Comme elle tombait sur le pavé, elle pensa que sa mère, en la trouvant morte le lendemain matin au pied de leur maison, comprendrait qu’elle n’avait pas été coupable.
Environ sur les deux heures, Gustave, inquiet, revint pour savoir ce que Louise était devenue. Son œil chercha de loin sur la borne, il n’aperçut rien. Sans doute, elle est rentrée, pensa-t-il.

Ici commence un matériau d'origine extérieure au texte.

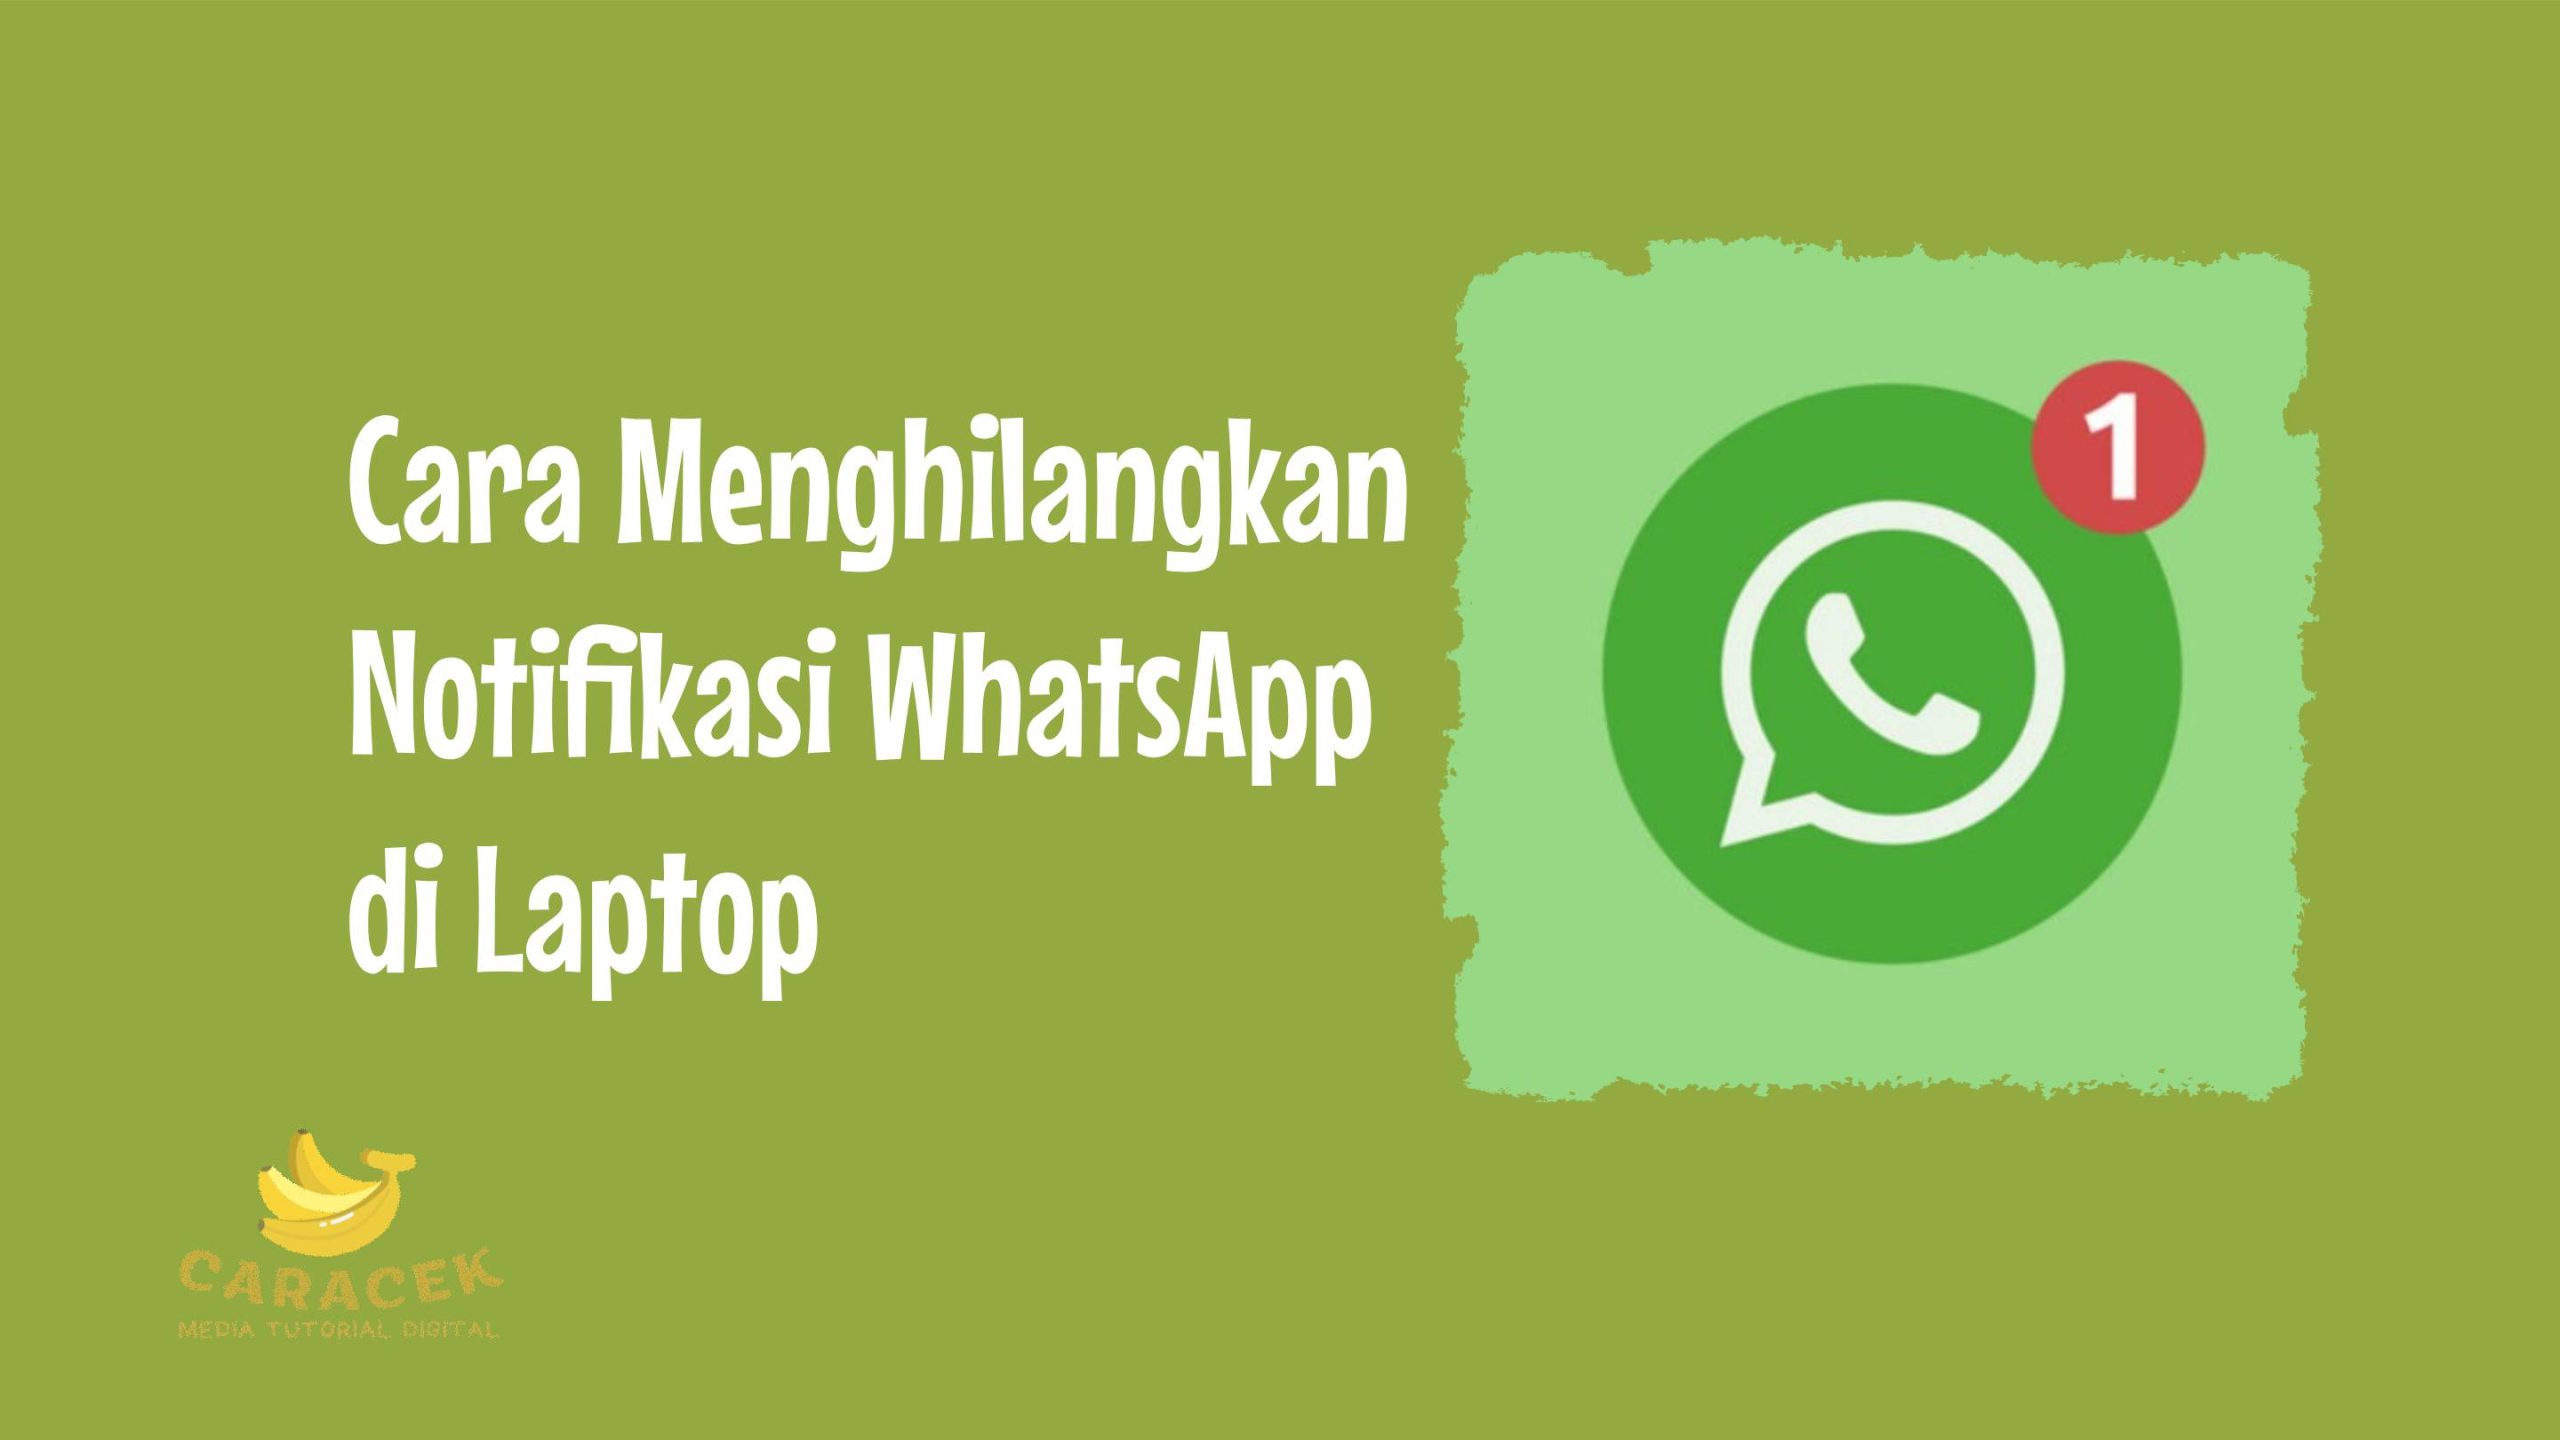 Cara Menghilangkan Notifikasi WhatsApp di Laptop

Il regarda de plus près, et vit Louise étendue devant la porte. Il lui toucha la figure, elle était glacée; il lui posa la main sur le cœur, il battait encore.
Un fiacre vint à passer.
—Où allez-vous? demanda Gustave.
—Rue Poissonnière, maison du notaire, répondit le cocher: je stationne là; on donne un bal.
—Pouvez-vous conduire cette jeune fille rue Montmartre?
—Tout de suite.
Et il descendit de son siége. Gustave l’aida à porter Louise dans le fiacre. Cependant le cocher ne put retenir une exclamation d’étonnement à la vue de cette femme transie de froid, n’ayant ni bonnet ni schall.
—Je la connais, dit Gustave; je ne sais comment elle se trouve en cet état à une pareille heure; il faut qu’elle ait été volée, frappée peut-être, et elle se sera évanouie... Pauvre créature! c’est une bonne œuvre que de la ramener chez elle.